PROVIDED RECORDS
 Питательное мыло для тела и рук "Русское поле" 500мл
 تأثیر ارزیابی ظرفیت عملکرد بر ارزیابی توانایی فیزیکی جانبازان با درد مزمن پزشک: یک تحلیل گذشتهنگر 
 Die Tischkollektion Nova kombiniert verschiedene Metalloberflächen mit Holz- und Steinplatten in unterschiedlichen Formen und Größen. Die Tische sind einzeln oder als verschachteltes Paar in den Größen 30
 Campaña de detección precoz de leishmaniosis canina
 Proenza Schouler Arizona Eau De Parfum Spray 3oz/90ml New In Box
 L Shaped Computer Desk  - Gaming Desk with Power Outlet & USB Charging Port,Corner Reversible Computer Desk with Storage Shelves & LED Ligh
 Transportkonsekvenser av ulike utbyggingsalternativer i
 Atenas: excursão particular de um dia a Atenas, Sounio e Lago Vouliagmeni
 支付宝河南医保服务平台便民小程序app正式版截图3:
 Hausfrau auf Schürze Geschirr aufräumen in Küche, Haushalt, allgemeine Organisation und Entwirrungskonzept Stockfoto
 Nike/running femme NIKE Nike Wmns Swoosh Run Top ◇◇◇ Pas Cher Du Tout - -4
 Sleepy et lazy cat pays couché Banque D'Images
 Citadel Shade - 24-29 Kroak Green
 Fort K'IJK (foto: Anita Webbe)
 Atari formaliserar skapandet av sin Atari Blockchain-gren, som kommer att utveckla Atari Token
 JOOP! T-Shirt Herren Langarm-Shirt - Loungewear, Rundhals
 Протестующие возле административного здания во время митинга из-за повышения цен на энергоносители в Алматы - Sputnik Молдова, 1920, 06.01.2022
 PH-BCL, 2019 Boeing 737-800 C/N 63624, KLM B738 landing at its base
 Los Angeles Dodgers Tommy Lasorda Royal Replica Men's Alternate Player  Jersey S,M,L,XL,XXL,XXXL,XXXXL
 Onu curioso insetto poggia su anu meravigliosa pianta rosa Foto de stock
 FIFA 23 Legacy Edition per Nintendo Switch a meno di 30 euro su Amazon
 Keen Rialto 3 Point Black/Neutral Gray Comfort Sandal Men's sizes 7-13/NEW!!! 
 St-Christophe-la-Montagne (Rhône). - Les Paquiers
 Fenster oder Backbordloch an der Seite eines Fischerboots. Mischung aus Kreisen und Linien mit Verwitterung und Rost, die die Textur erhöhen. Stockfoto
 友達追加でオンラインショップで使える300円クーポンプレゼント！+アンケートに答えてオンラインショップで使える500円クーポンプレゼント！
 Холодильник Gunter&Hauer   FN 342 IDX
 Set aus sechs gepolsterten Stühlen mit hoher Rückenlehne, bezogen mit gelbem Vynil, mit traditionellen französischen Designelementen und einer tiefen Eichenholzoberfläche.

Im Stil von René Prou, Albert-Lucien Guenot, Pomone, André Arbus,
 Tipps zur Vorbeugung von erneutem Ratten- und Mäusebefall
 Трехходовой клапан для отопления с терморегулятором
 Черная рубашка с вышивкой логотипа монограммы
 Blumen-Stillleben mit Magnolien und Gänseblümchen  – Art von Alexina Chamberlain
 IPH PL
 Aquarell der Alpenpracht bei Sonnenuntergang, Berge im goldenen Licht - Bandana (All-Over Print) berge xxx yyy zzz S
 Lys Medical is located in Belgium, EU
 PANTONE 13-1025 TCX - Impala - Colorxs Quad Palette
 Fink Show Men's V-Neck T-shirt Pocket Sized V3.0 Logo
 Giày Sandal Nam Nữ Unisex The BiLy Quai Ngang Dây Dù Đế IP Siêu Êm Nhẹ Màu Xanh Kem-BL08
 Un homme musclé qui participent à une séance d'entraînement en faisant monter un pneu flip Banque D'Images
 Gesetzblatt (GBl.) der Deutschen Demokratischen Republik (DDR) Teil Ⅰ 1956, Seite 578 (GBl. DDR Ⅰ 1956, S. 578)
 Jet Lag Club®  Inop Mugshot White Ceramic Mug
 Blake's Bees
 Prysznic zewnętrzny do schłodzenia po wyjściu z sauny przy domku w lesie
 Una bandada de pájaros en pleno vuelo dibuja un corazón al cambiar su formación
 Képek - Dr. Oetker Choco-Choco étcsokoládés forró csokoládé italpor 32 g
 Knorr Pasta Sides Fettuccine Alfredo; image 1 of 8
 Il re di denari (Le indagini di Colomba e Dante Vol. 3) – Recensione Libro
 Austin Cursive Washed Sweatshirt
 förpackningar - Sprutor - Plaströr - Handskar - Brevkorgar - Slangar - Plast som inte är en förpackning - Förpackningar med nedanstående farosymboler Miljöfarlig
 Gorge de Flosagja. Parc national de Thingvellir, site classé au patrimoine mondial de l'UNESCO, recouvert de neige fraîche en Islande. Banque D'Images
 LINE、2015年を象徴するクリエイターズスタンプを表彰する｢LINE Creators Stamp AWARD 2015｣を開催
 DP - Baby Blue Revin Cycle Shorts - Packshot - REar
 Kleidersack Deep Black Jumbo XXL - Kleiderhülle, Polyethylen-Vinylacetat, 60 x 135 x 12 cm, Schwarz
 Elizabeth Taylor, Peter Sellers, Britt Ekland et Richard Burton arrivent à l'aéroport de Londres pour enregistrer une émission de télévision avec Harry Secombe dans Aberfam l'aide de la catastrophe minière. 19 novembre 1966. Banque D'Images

WORK ORDER
When the line with "Campaña de detección" is reached in the data above, begin copying, and stop after the line with "Set aus sechs"; copy each line exactly, both ends included.

RESULT OF THE TASK
 Campaña de detección precoz de leishmaniosis canina
 Proenza Schouler Arizona Eau De Parfum Spray 3oz/90ml New In Box
 L Shaped Computer Desk  - Gaming Desk with Power Outlet & USB Charging Port,Corner Reversible Computer Desk with Storage Shelves & LED Ligh
 Transportkonsekvenser av ulike utbyggingsalternativer i
 Atenas: excursão particular de um dia a Atenas, Sounio e Lago Vouliagmeni
 支付宝河南医保服务平台便民小程序app正式版截图3:
 Hausfrau auf Schürze Geschirr aufräumen in Küche, Haushalt, allgemeine Organisation und Entwirrungskonzept Stockfoto
 Nike/running femme NIKE Nike Wmns Swoosh Run Top ◇◇◇ Pas Cher Du Tout - -4
 Sleepy et lazy cat pays couché Banque D'Images
 Citadel Shade - 24-29 Kroak Green
 Fort K'IJK (foto: Anita Webbe)
 Atari formaliserar skapandet av sin Atari Blockchain-gren, som kommer att utveckla Atari Token
 JOOP! T-Shirt Herren Langarm-Shirt - Loungewear, Rundhals
 Протестующие возле административного здания во время митинга из-за повышения цен на энергоносители в Алматы - Sputnik Молдова, 1920, 06.01.2022
 PH-BCL, 2019 Boeing 737-800 C/N 63624, KLM B738 landing at its base
 Los Angeles Dodgers Tommy Lasorda Royal Replica Men's Alternate Player  Jersey S,M,L,XL,XXL,XXXL,XXXXL
 Onu curioso insetto poggia su anu meravigliosa pianta rosa Foto de stock
 FIFA 23 Legacy Edition per Nintendo Switch a meno di 30 euro su Amazon
 Keen Rialto 3 Point Black/Neutral Gray Comfort Sandal Men's sizes 7-13/NEW!!! 
 St-Christophe-la-Montagne (Rhône). - Les Paquiers
 Fenster oder Backbordloch an der Seite eines Fischerboots. Mischung aus Kreisen und Linien mit Verwitterung und Rost, die die Textur erhöhen. Stockfoto
 友達追加でオンラインショップで使える300円クーポンプレゼント！+アンケートに答えてオンラインショップで使える500円クーポンプレゼント！
 Холодильник Gunter&Hauer   FN 342 IDX
 Set aus sechs gepolsterten Stühlen mit hoher Rückenlehne, bezogen mit gelbem Vynil, mit traditionellen französischen Designelementen und einer tiefen Eichenholzoberfläche.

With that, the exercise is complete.